DATA:
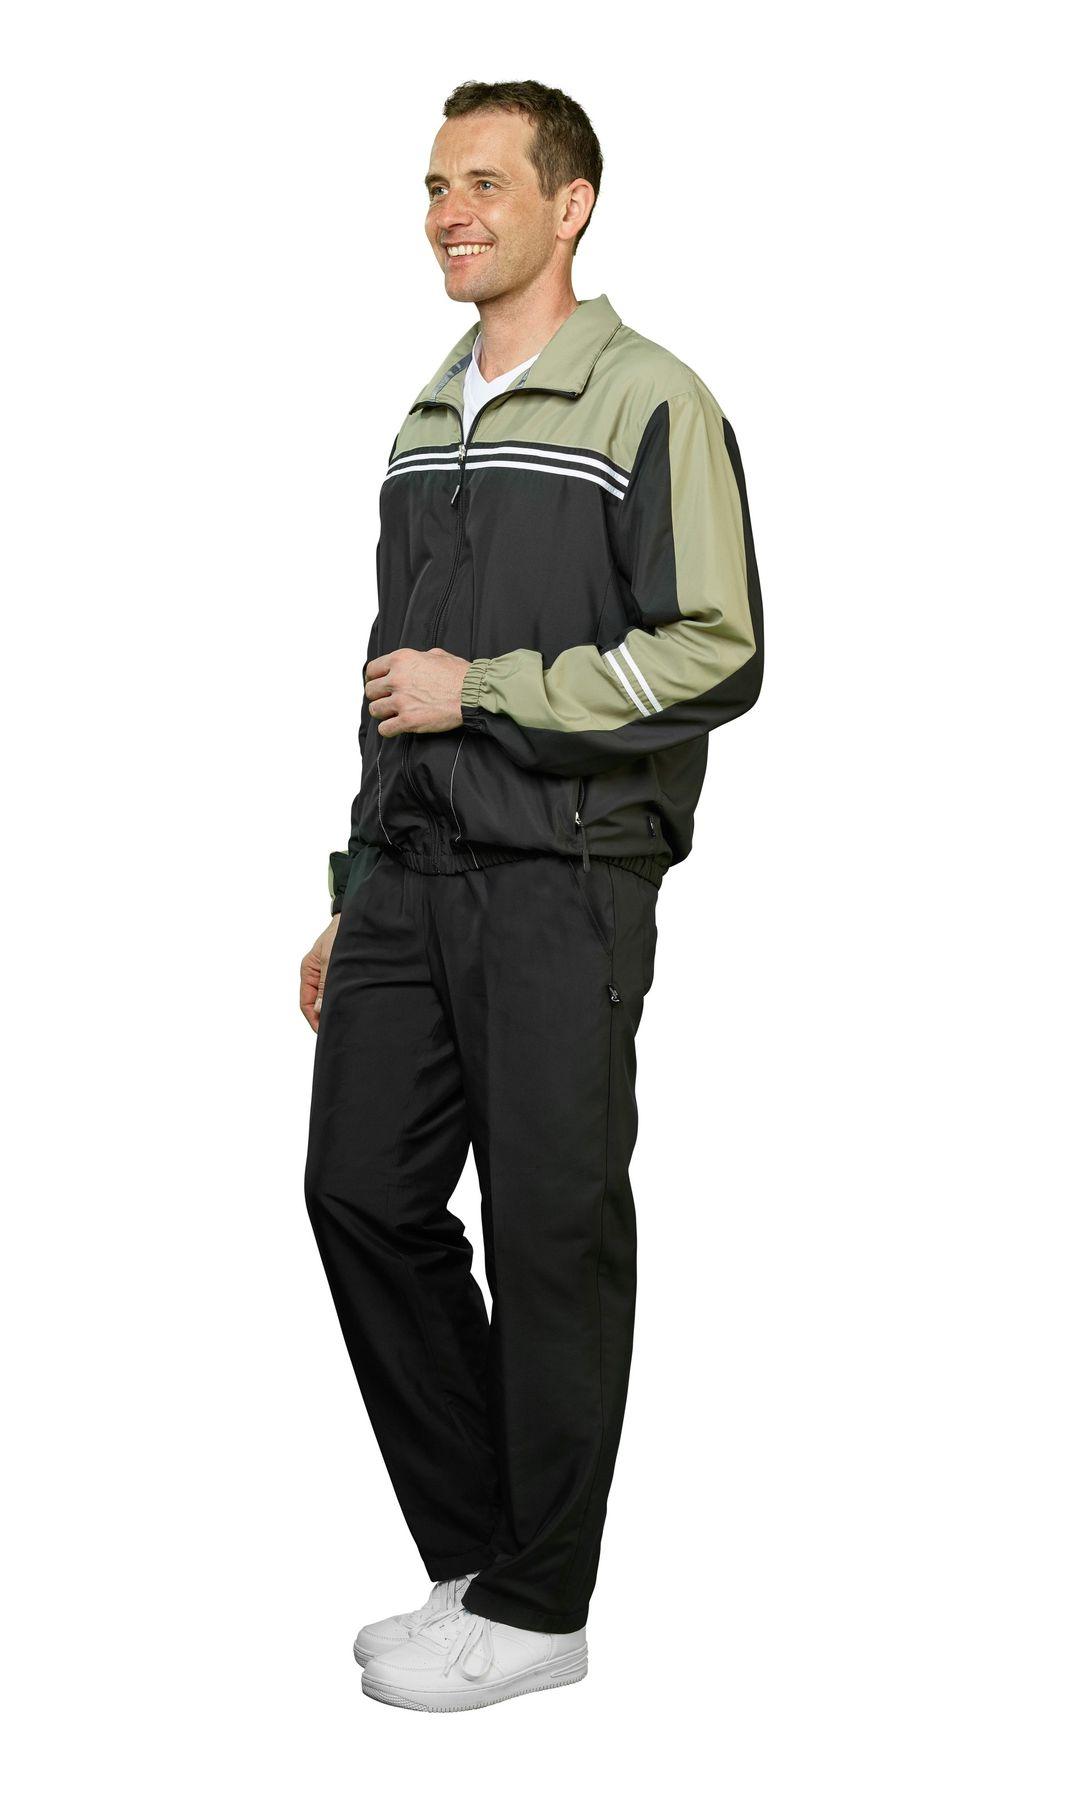 Authentic klein - Herren Sport und Freizeit Jacke in verschiedenen Farben (53062) – Bild 7
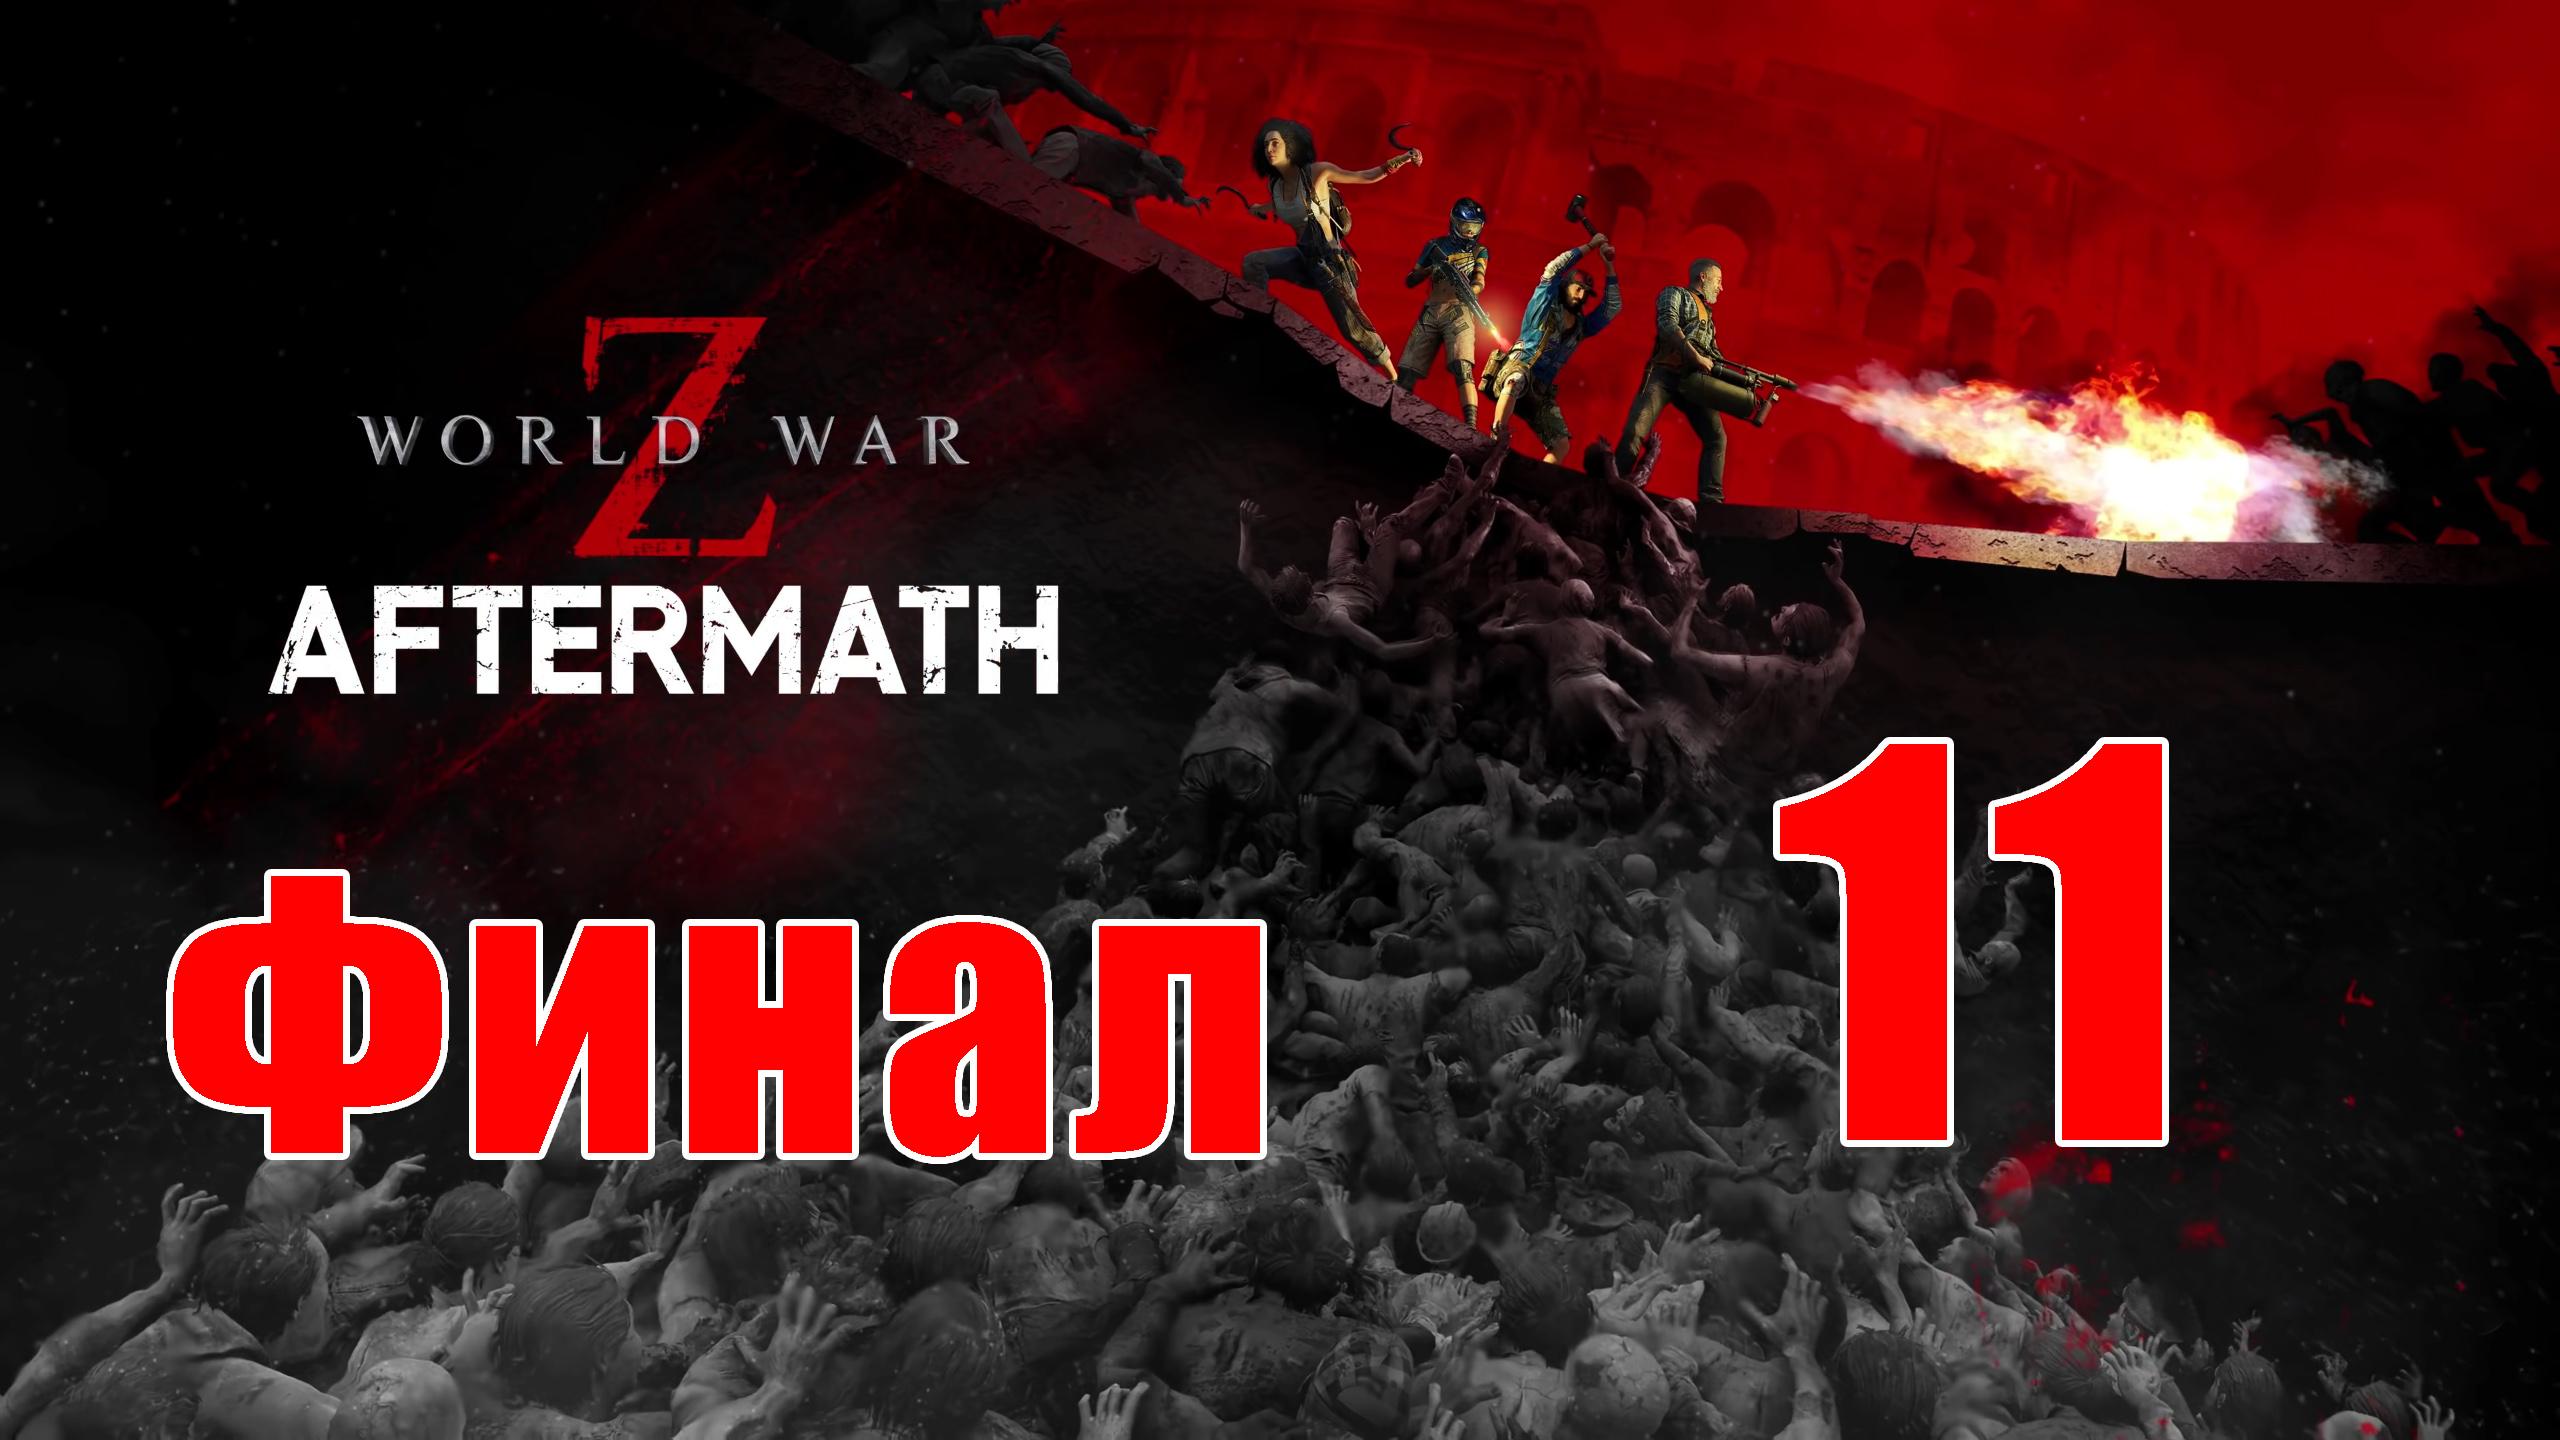 ФИНАЛ - КАМЧАТКА ➤ World War Z Aftermath - на ПК ➤ Прохождение # 11 ➤ 2K ➤
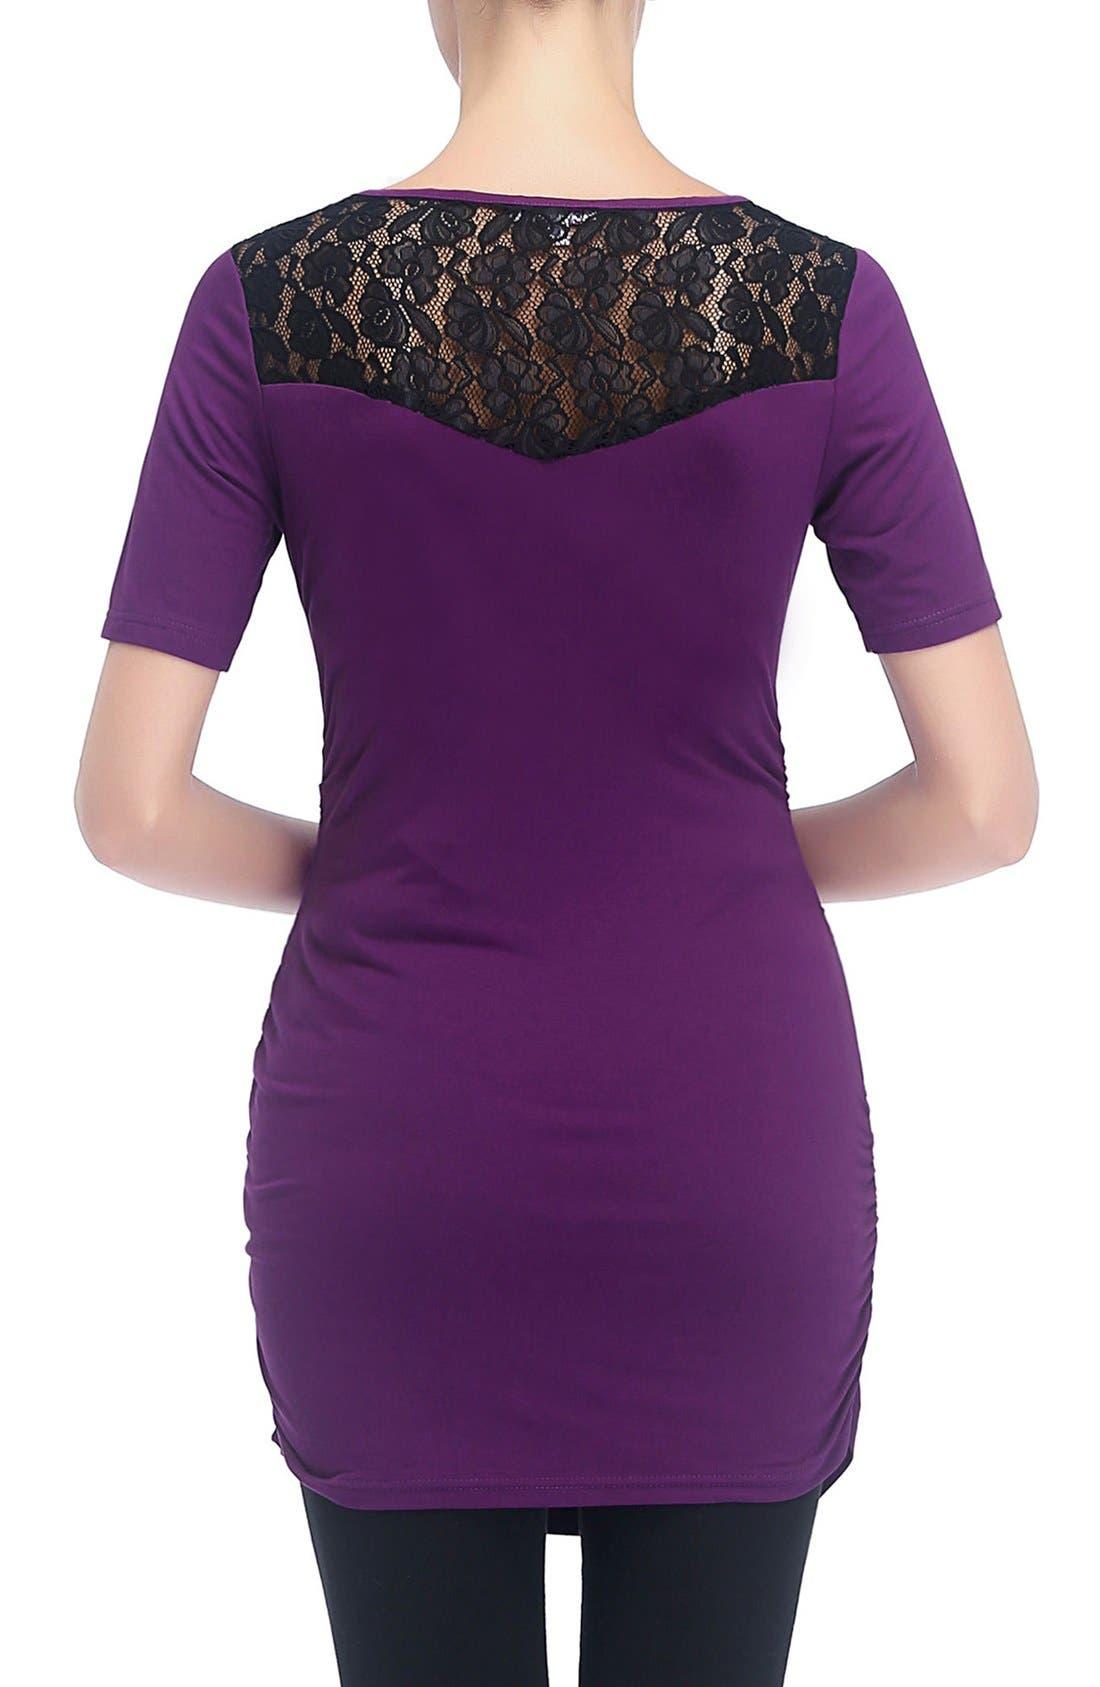 'Alden' Floral Lace Jersey Maternity Top,                             Alternate thumbnail 3, color,                             Purple

PROBLEM:
Starting at the line that holds "ФИНАЛ - КАМЧАТКА", write out every remaining line of the material above exactly as it appears. Pictures should not be copied.

ANSWER BOX:
 ФИНАЛ - КАМЧАТКА ➤ World War Z Aftermath - на ПК ➤ Прохождение # 11 ➤ 2K ➤
 'Alden' Floral Lace Jersey Maternity Top,                             Alternate thumbnail 3, color,                             Purple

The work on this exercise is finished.